Ben de onlara şu soruyu soruyorum: “Kimlere, hangi projelere “evet” diyorsunuz?” Bu “evet”lerin size maliyeti nedir? Farkındalık yaratmada bir usta olan Doğan Cüceloğlu’nun da söylediği gibi “Hayır” diyebilmek için özümüzdeki Evet’i keşfetmemiz gerekiyor. Bunun için de varoluş gayemizi, amacımızı çok net olarak belirlemeli ve ifade edebilmeliyiz. Hayatta bulunan her şeyin bir amacı var. Hayvanların, bitkilerin, hayatın bir amacı var. Liderlerin ve hatta şirketlerin de bir varoluş amacının olması gerekir. Bu amaç, ne kadar net olursa ve yaşam içinde uygulanabilirse o kadar rahat “Hayır” diyebiliriz. Olumsuz bir söz gibi görünse de “Hayır” diyebilmek içerisinde çok önemli bir gücü barındırıyor.

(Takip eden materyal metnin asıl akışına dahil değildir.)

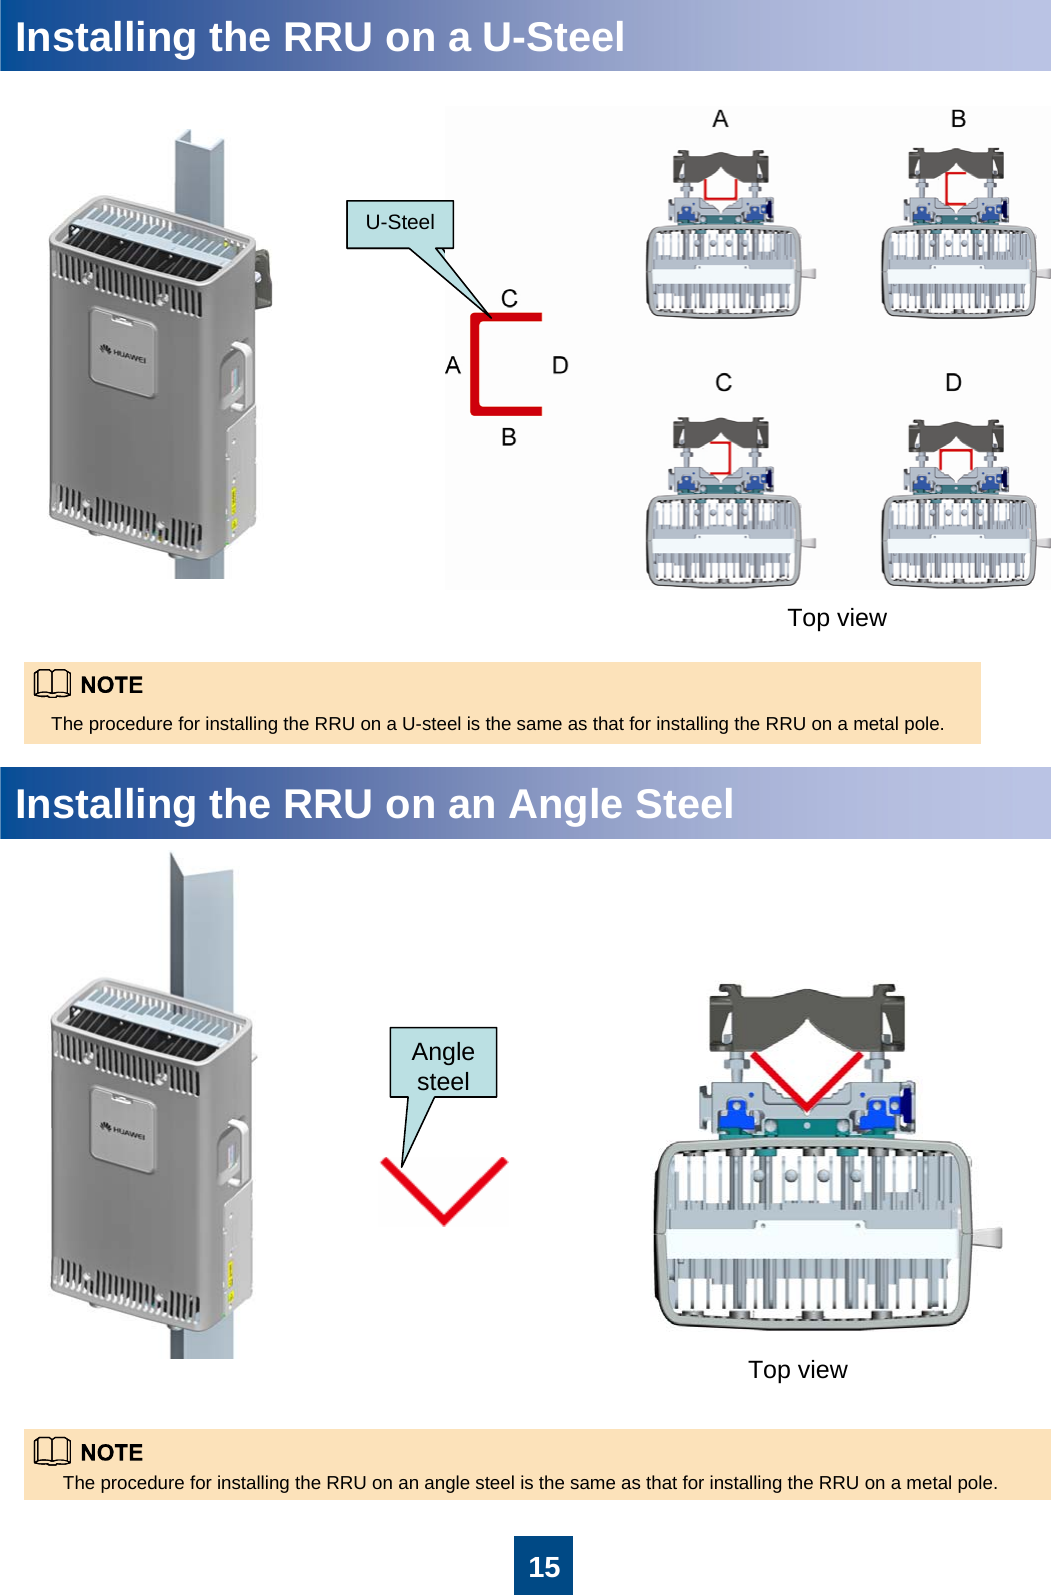 15Installing the RRU on a U-SteelThe procedure for installing the RRU on a U-steel is the same as that for installing the RRU on a metal pole.Installing the RRU on an Angle SteelThe procedure for installing the RRU on an angle steel is the same as that for installing the RRU on a metal pole.U-steelAngle steelTop viewTop viewU-Steel
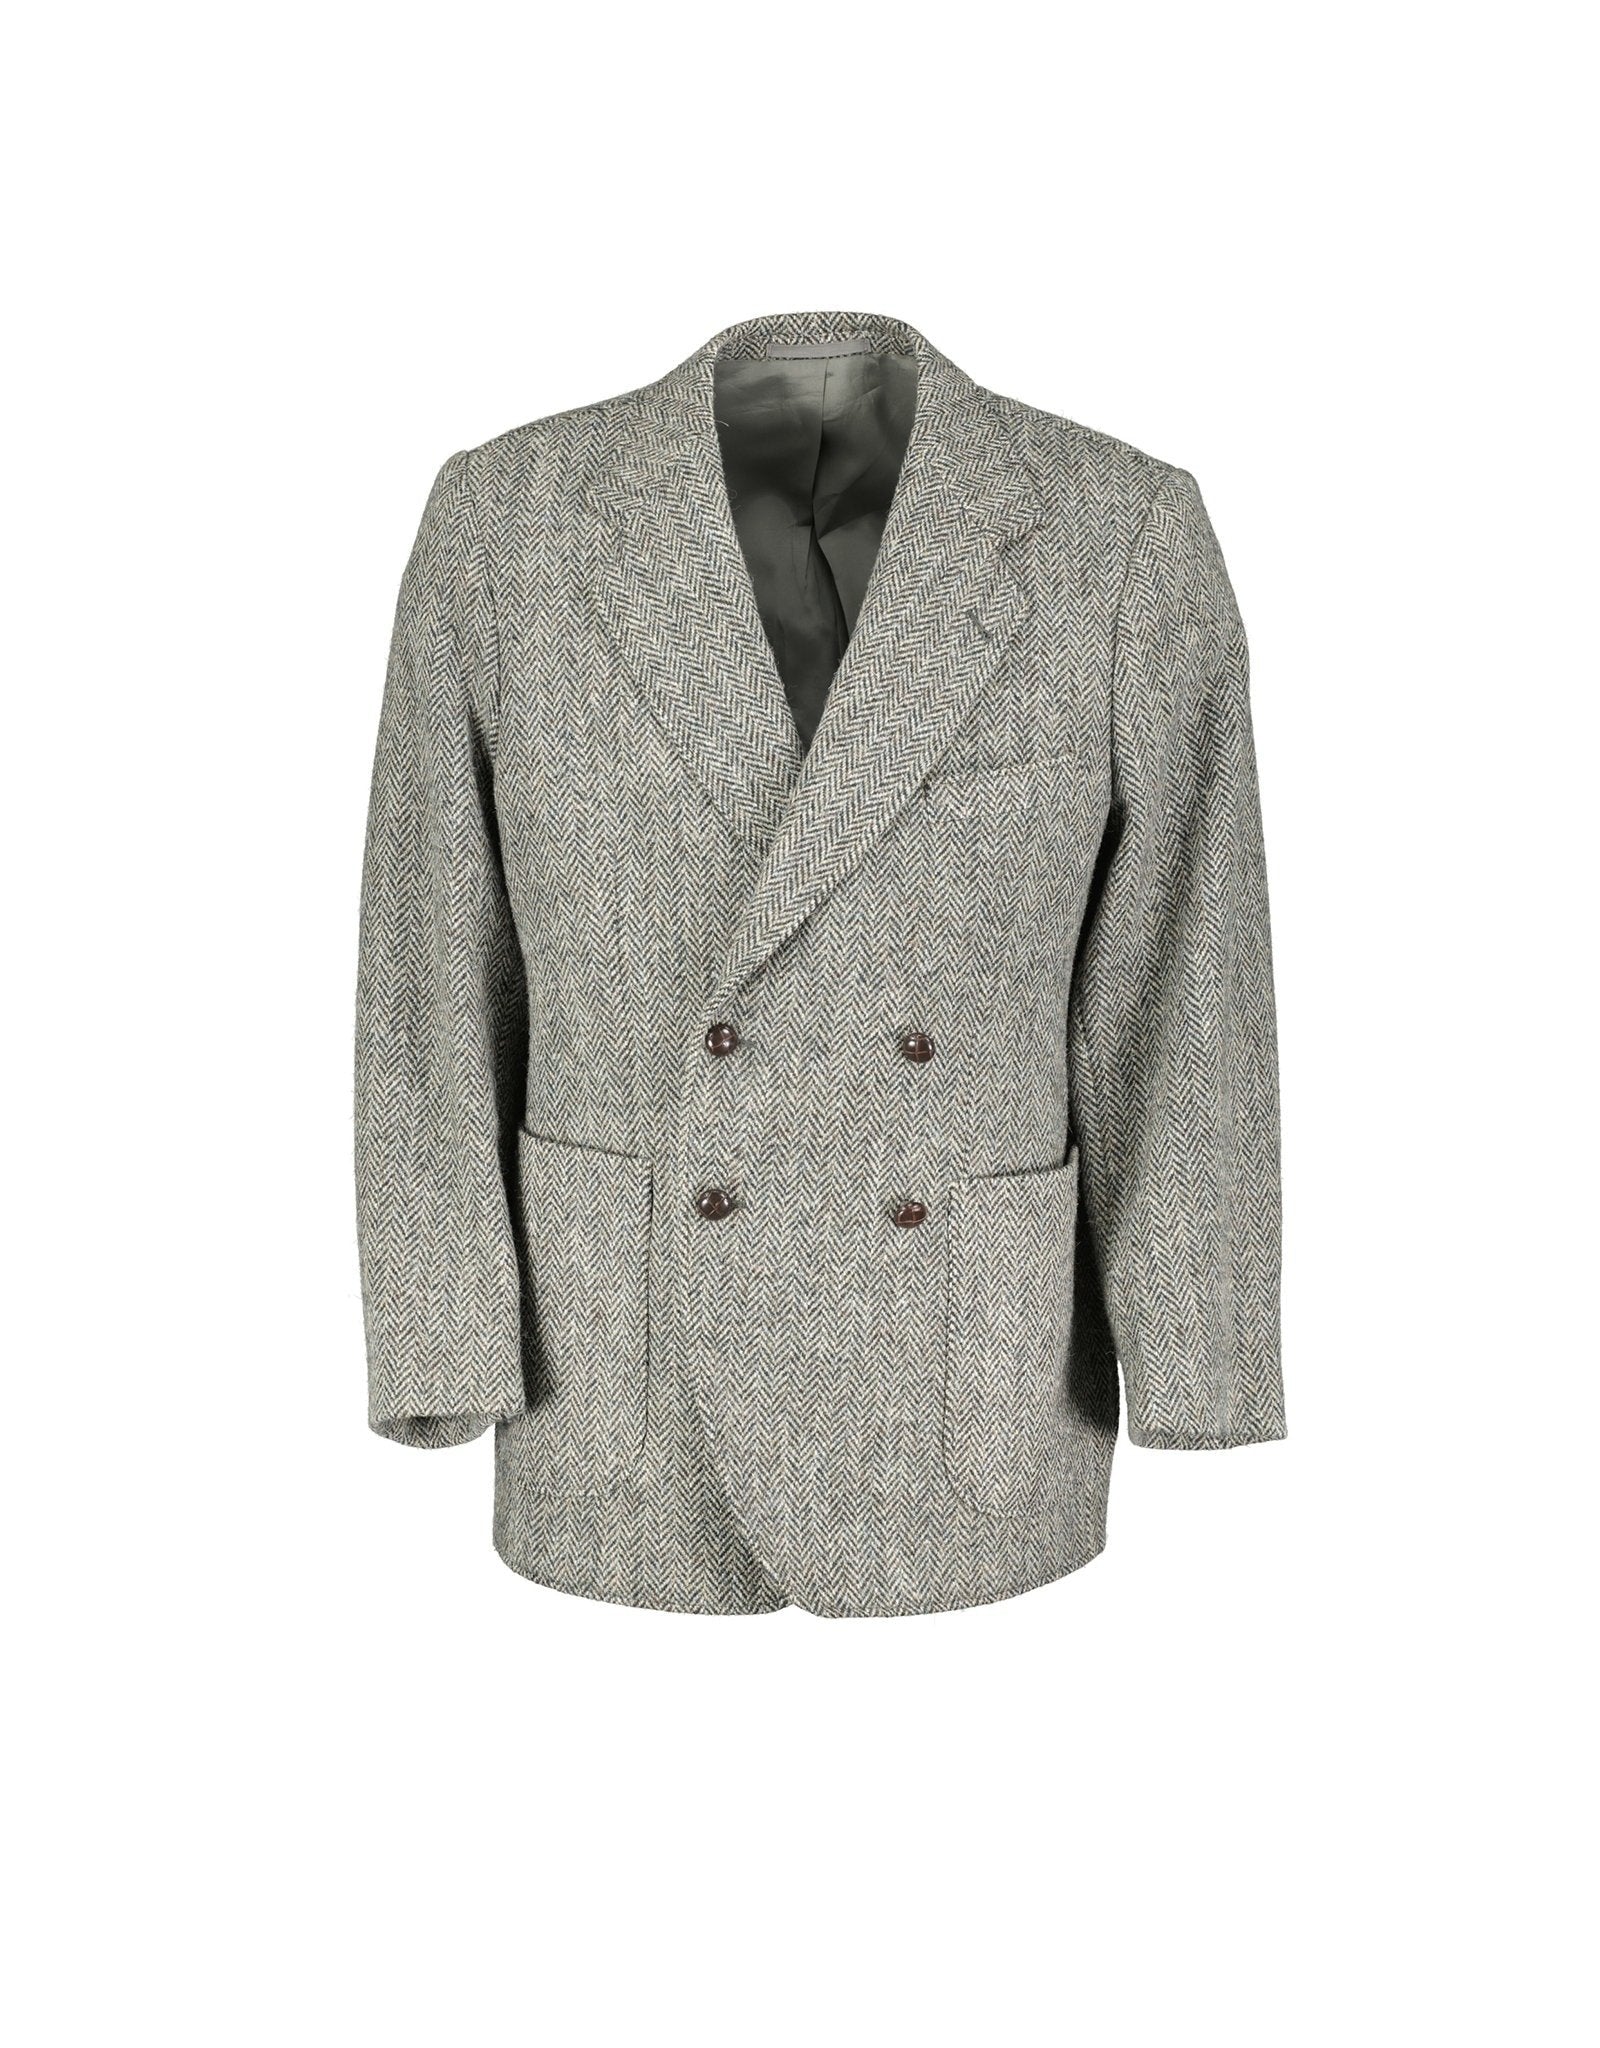 Harris Tweed Gray Herringbone Double Breasted Sport Coat, US 44S, EU 54S

Teknoloji alanında yeniliklerle yepyeni bir dönemin açılmasını sağlayan Steve Jobs’a “Nasıl başarılı oldunuz?” diye sorulduğunda da “Başarıya odaklanmak için ‘Hayır’ diyebilmeyi bilmek gerekir. Hayır diyebilmek için de ne istediğinizi net olarak bilmeniz gerekir” yanıtını vermiştir. Şirketinizin varoluş amacı var mı? Sizin yaşam gayeniz var mı? Gün içerisinde amacınıza hizmet etmediği halde kimlere “Evet” diyorsunuz? Bunun bedelini nasıl ödüyorsunuz? En önemli soru da şu; çalıştığınız şirketin ve kendinizin varoluş amacına hizmet etmeyen projelere, isteklere “Hayır’ diyebiliyor musunuz?